About this role
Role Overview
Join a dynamic team focused on enhancing the safety of AI systems through rigorous testing and evaluation. This role is essential in identifying vulnerabilities in AI models by simulating adversarial attacks, ultimately contributing to the development of safer AI technologies.
Key Responsibilities- Red team conversational AI models and agents, including jailbreaks, prompt injections, misuse cases, bias exploitation, and multi-turn manipulation.
- Generate high-quality human data by annotating failures, classifying vulnerabilities, and flagging systemic risks.
- Apply structured methodologies by following taxonomies, benchmarks, and playbooks to ensure consistent testing.
- Document findings reproducibly, producing reports, datasets, and attack cases that customers can act on.
- Prior experience in red teaming, including AI adversarial work, cybersecurity, or socio-technical probing.
- Curiosity and an adversarial mindset, with a tendency to push systems to their limits.
- Structured approach to testing, utilizing frameworks or benchmarks rather than random hacks.
- Strong communication skills to clearly explain risks to both technical and non-technical stakeholders.

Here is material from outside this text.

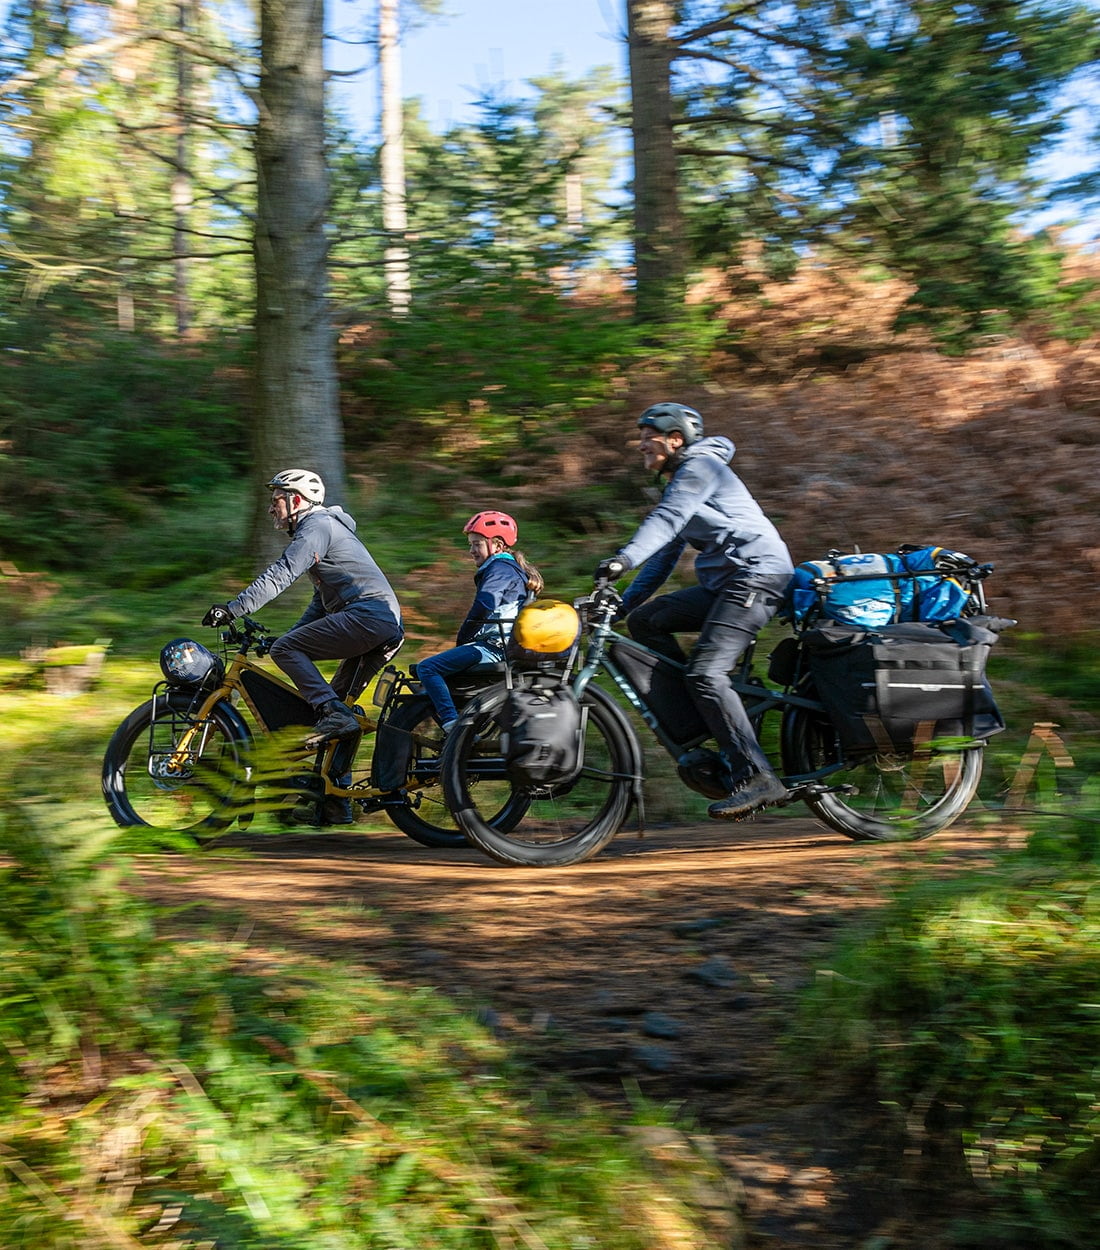 Tern Orox S12 Family riding into camp, on a trail

- Adaptability to thrive in a fast-paced environment with diverse projects and customers.
- Experience with adversarial machine learning techniques such as jailbreak datasets, prompt injection, RLHF/DPO attacks, and model extraction.
- Background in cybersecurity, including penetration testing, exploit development, and reverse engineering.
- Knowledge of socio-technical risks, including harassment/disinformation probing, abuse analysis, and conversational AI testing.
- Creative probing skills in psychology, acting, or writing that foster unconventional adversarial thinking.
- Identifying vulnerabilities that automated tests may overlook.
- Delivering reproducible artifacts that enhance the robustness of customer AI systems.
- Expanding evaluation coverage by testing more scenarios and reducing surprises in production.
- Building trust with customers in the safety of their AI systems through thorough adversarial probing.
Gain valuable experience in human data-driven AI red teaming at the forefront of safety, while playing a direct role in making AI systems more robust, safe, and trustworthy.